Хоакин осмотрел своего друга со всевозможным тщанием, а затем, взглянув кузине в глаза, сказал:
– Положение серьезно, но думаю, что спасу его. Вот для меня спасения нет…
– Спаси его! – воскликнула Елена. – Знаешь…
– Я все знаю! – ответил Хоакин и вышел.
Елена подошла к постели мужа, положила ладонь на его пылавший от жара лоб; ее самое колотила лихорадка. «Хоакин, Хоакин! – восклицал в бреду Авель. – Прости нас, прости меня!»
– Успокойся, – прошептала ему на ухо Елена, – успокойся; он приходил осмотреть тебя и сказал, что вылечит… Сказал, чтобы ты успокоился…
– Сказал, что вылечит меня?… – машинально переспросил больной.
Хоакин вернулся домой; его тоже била лихорадка, по это была какая-то леденящая лихорадка. «А что, если он умрет?…» – размышлял он. Хоакин, не раздеваясь, бросился на кровать. В его воспаленном воображении проносились картины того, что произошло бы в случае смерти Авеля: траур Елены, свидания с вдовой, ее угрызения совести и неожиданное открытие, которое она совершит однажды, когда вдруг откроет, кто такой он, Хоакин, какое безысходное отчаяние владеет им и как сильно нуждается он в возмещении утраченного счастья, нуждается в ней, Елене, и как она в конце концов бросится ему в объятия и признает, что тот, другой, был лишь случайной изменой, мимолетным увлечением, минутным капризом кокетки, что на самом деле она всегда любила только его, Хоакина, и никого другого. «Но он не умрет!
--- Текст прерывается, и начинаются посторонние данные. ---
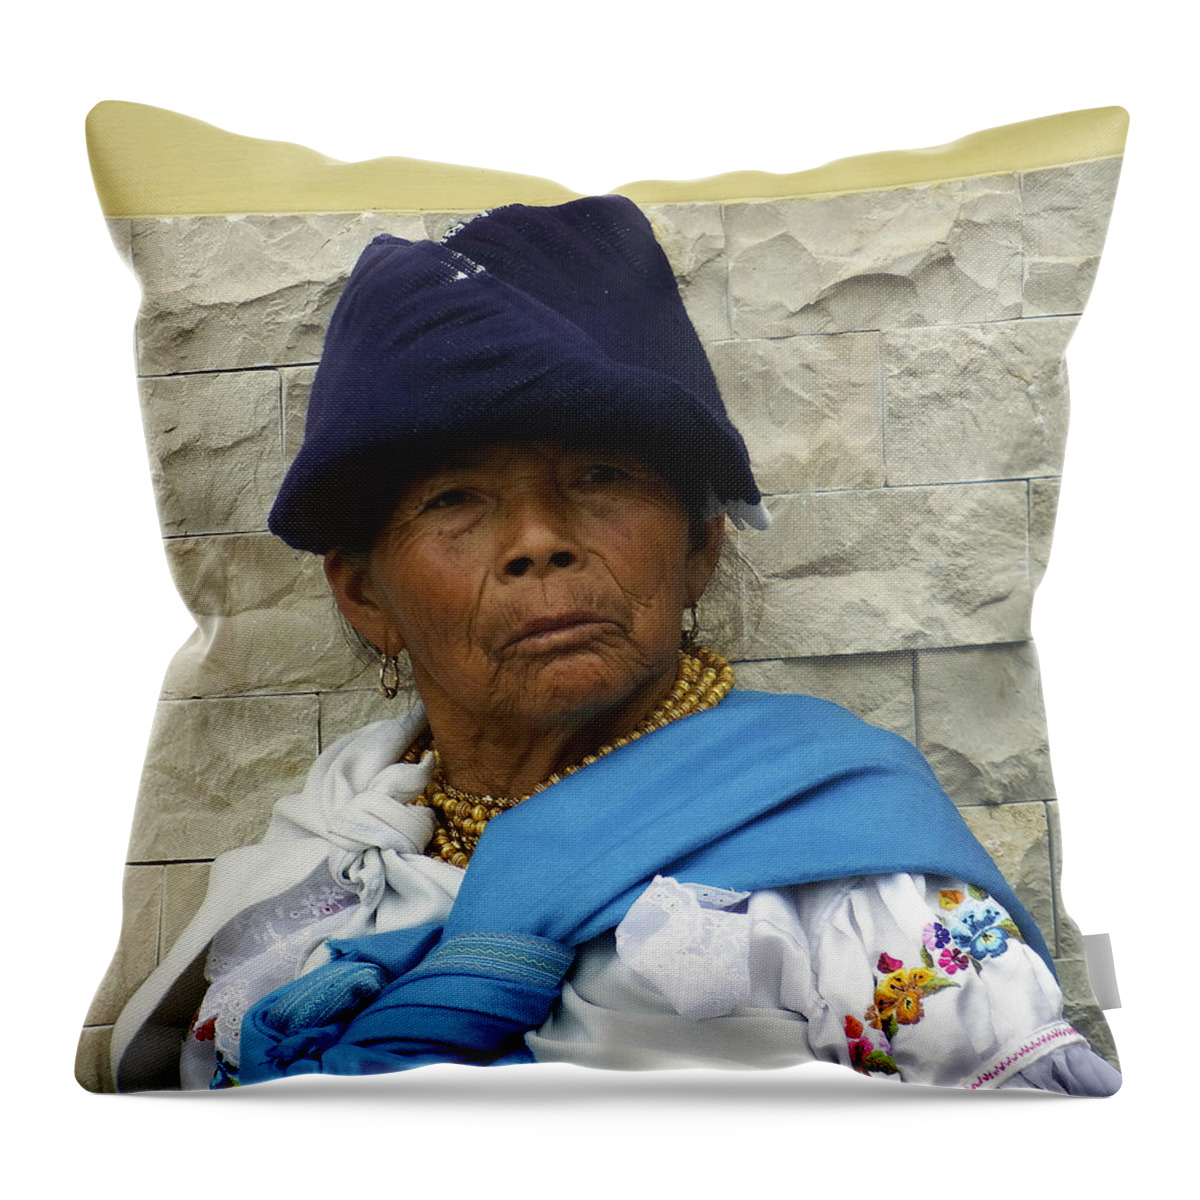 Woman Throw Pillow featuring the photograph Face of Ecuador Woman at Cotacachi by Kurt Van Wagner

Я не допущу, чтобы он умер, не должен допустить, здесь поставлена на карту моя честь, и, кроме того… мне нужно, чтобы он жил!..»
При этих словах: «Мне нужно, чтобы он жил!» – душа его затрепетала, как трепещет листва дуба, сотрясаемого бурей.
«То были ужасные дни, дни болезни Авеля, – записывал в своей «Исповеди» Хоакин, – дни, исполненные невыразимых мучений. Жизнь его была в моих руках. Я мог просто оставить его умирать, а моги ускорить его смерть, причем ни одна живая душа не заподозрила бы меня, да я бы и не оставил следов, по которым можно было бы меня уличить. В своей медицинской практике я знавал случаи странных, подозрительных смертей, причины которых освещались для меня трагическим светом последующих событий – например, поспешной свадьбы вдовы и другими подобными фактами. Я начал бороться, как еще никогда не боролся с самим собой – с этой ядовитой гидрой, которая отравляла и омрачала мне жизнь. Здесь были замешаны моя честь врача, честь человека, мое умственное здоровье, мой разум. Я понял, что меня терзают когти подкравшегося безумия; я уже чувствовал его жало, вонзившееся в мое сердце. Но я победил. Я спас Авеля от смерти. Никогда еще не был я так счастлив, так душевно спокоен. Избыток несчастья обернулся к моей же пользе. Успех сделал меня счастливейшим человеком».
– Он… твой муж… вне опасности, – объявил в один прекрасный день Хоакин.
– Спасибо, Хоакин, спасибо тебе, – и она взяла его за руку, которую он оставил в ее ладонях. – Ты даже не подозреваешь, как мы тебе обязаны…
– Вы тоже не знаете, скольким я вам обязан…
– Ради бога, не надо, Хоакин… Теперь, когда мы так тебе признательны, не надо ворошить прошлое…
– Да я и не ворошу его. Я очень обязан вам. Болезнь Авеля многому меня научила…
– Ах, так ты рассматриваешь ее как особо интересный случай!
– Нет, Елена, нет, – только как случай со мной!
– Не понимаю тебя.
– Я и сам не понимаю. Просто я хотел сказать, что борясь эти дни за жизнь твоего мужа…
– Называй его лучше Авелем!
– Хорошо. Так вот, борясь с его болезнью, я одновременно изучал свою. И, глядя на ваше счастье, решил… жениться!
– У тебя есть невеста?
– Нет, пока еще нет, но я решил искать. Мне нужно свое гнездо. Поэтому я хочу жениться. Или ты считаешь Елена, что я не найду женщины, которая
– Конечно, найдешь; почему же не найти?…
– Я имею в виду женщину, которая бы меня полюбила…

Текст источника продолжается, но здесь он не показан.